Modular Design

Lecture Notes for CS 190
Winter 2018
John Ousterhout

  • Reading: Chapters 4-7, 14 of book
  • How to minimize dependencies?

Modular Design

  • Divide system into modules that are relatively independent
  • Ideal: each module completely independent of the others
    • System complexity = complexity of worst module
  • In reality, modules are not completely independent
    • Some modules must invoke facilities in other modules
    • Design decisions in one module must sometimes be known to other modules
    • Can't change one module without understanding parts of other modules
  • Divide each module into two parts:
    • Interface: anything about the module that must be known to other modules
      • Formal aspects (in the code): method signatures, public variables, etc.
      • Informal aspects: overall behavior, side effects, constraints on usage, etc.
      • Informal aspects can only be described with comments
    • Implementation: code that carries out the promises made by the interface
  • Goal: interface should be much simpler than the implementation
    • If a change affects only a module's implementation, but not its interface, then it will not affect any other module

Abstraction

  • A simplified view of something that omits unimportant details
  • Interface: abstraction of a module
  • Goal: define simple abstractions that provide rich functionality

Classes Should be Deep

  • Deep class: small interface, lots of functionality
    • Lots of information hidden
  • Example: Unix system calls for file I/O
  • Shallow class
    • Complex interface and/or not much functionality
    • Invoking a method isn't much easier than just typing in the code of the method.
    • Shallow classes don't hide much information
    • Example: linked list
    • Also see User.java
    • Every class and method introduces complexity with its interface
    • Goal: get a lot of functionality for that complexity
    • If a class is shallow, you have to spend a lot of time learning the interface, compared to how much time the class saves you.
  • Many courses teach students that "classes should be small": results in shallow classes.
  • Classitis: small classes taken to the extreme
    • Each class adds the least possible amount of functionality to existing classes
    • Bad example: Java libraries
  • Size doesn't really matter that much
    • Classes in the range of 200-2000 lines are fine
    • The most important thing is depth: the power of the abstraction
  • It's more important for a class to have a simple interface than a simple implementation

Information Hiding

  • First proposed by David Parnas in a classic paper "On the Criteria To Be Used in Decomposing Systems into Modules"
    • More than 40 years old, but still one of the most important papers in all of systems.
  • Each module (class) should encapsulate certain knowledge or design decisions:
  • The knowledge/design decisions are only known to the one module
  • The interface does not reflect this information (much)
  • Benefits:
    • Simpler interface (deeper class)
    • Can modify the implementation without impacting other classes
  • This is the single most important idea in software design; will revisit it over and over.
  • Information leakage: opposite of information hiding
    • Implementation details exposed, other classes depend on them
    • Anything in the interface is leaked
    • Back-door leakage: not visible in the interface
  • Temporal decomposition: one of the most common causes of information leakage
    • Code structure reflects the order in which operations execute
  • Using classes does not necessarily guarantee information hiding!
    • Example: private variables can still be leaked
  • When you see information leakage, look for a way to bring all the information together in one place
  • Making classes a bit larger often creates opportunities for better information hiding
  • Questions to ask yourself:
    • What is the unique value provided by this class (something this class does, but no other class)?
    • What is the key knowledge that the class uses to provide that value?
    • What's the least possible amount of that knowledge that must be exposed through the interface?
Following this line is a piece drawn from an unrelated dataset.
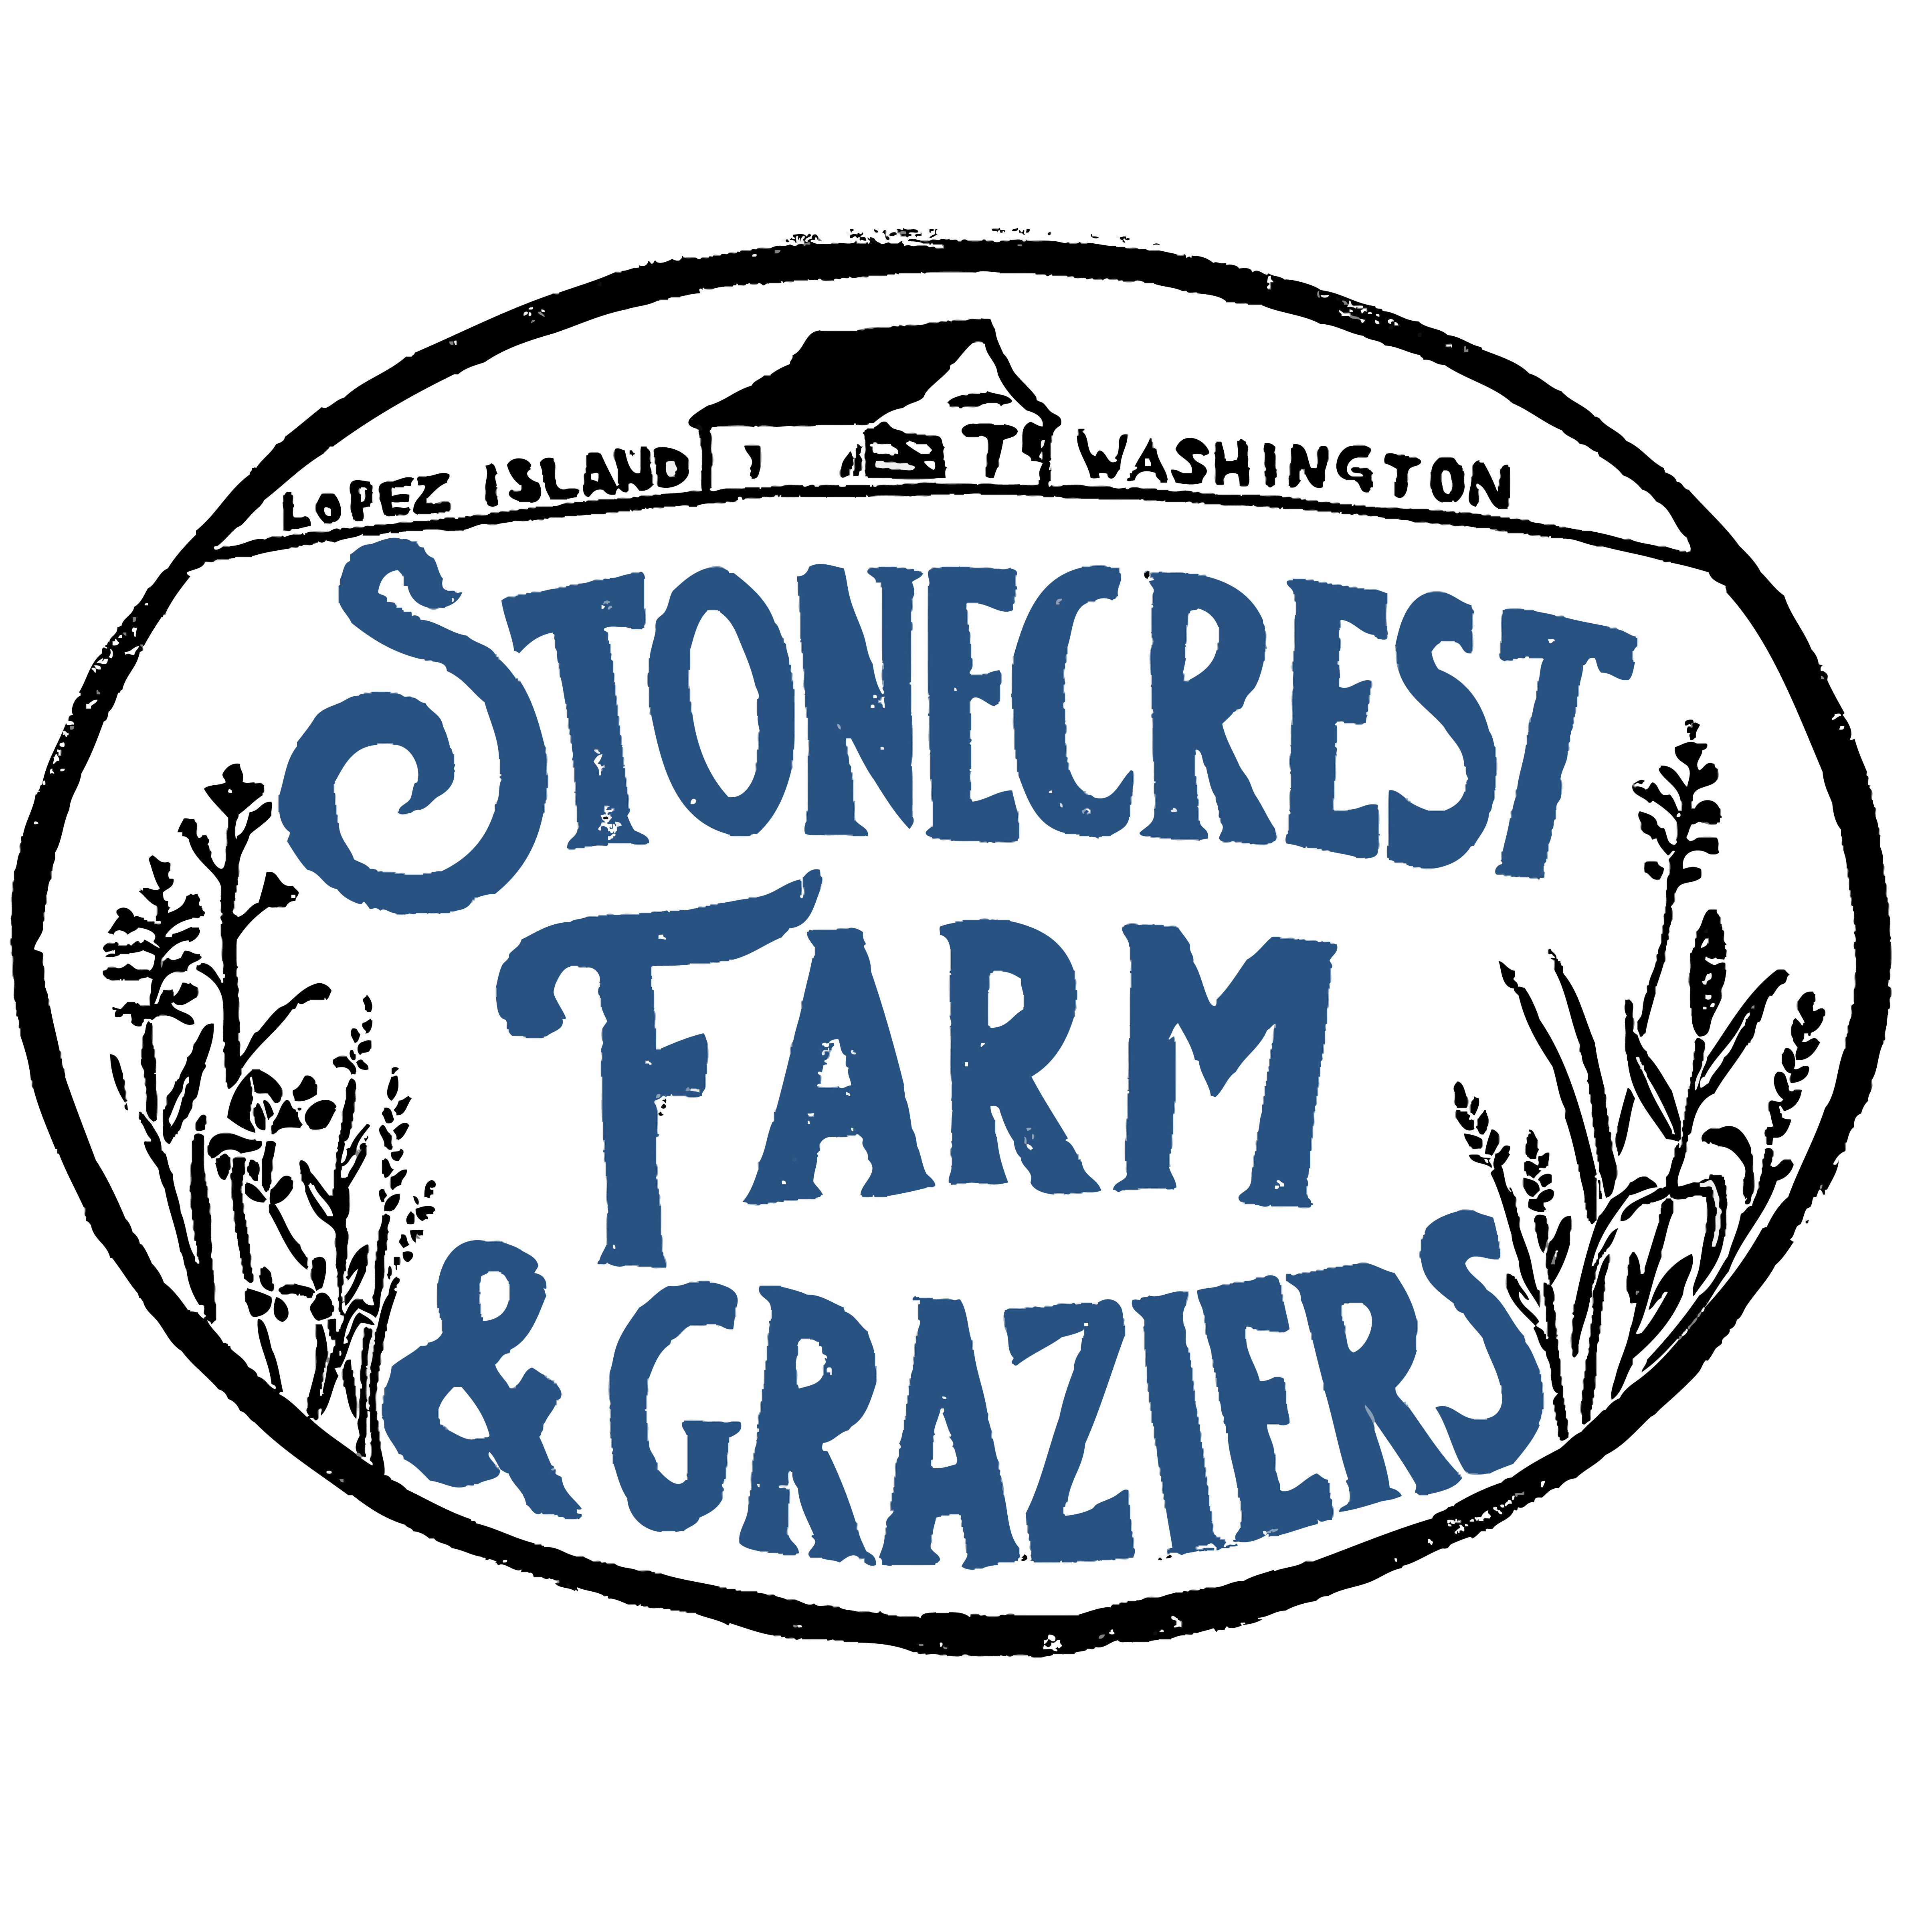 Stonecrest Farm & Graziers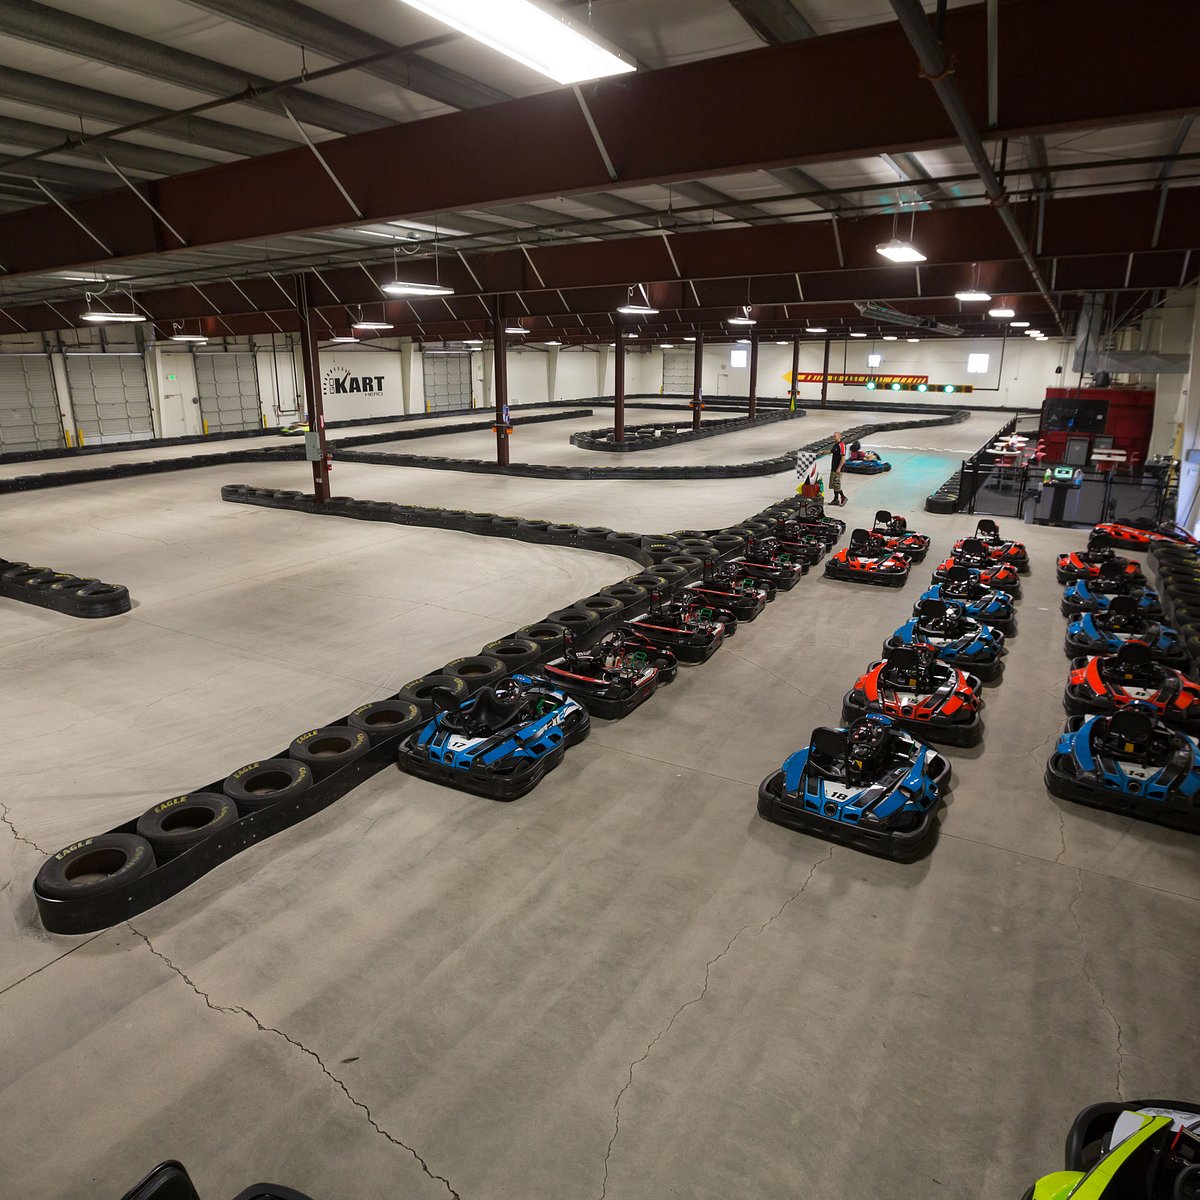 Go-kart track opens in Farmington Valley

Generic Classes are Deeper

  • Should new classes be general-purpose or special-purpose?
    • Special-purpose: just do exactly what's needed today
    • General-purpose: solve a range of problems that may in the future
  • My advice: make classes somewhat generic:
    • Overall capabilities reflect current needs
    • Design an interface that is generic enough to be used for other purposes besides today's needs
    • Result: simpler and deeper interface than special-purpose approach
  • Example from text editor project
  • Questions to ask yourself:
    • What is the simplest API that will cover all of my current needs?
    • In how many situations will this method be used?
    • Is this API convenient to use for my current needs?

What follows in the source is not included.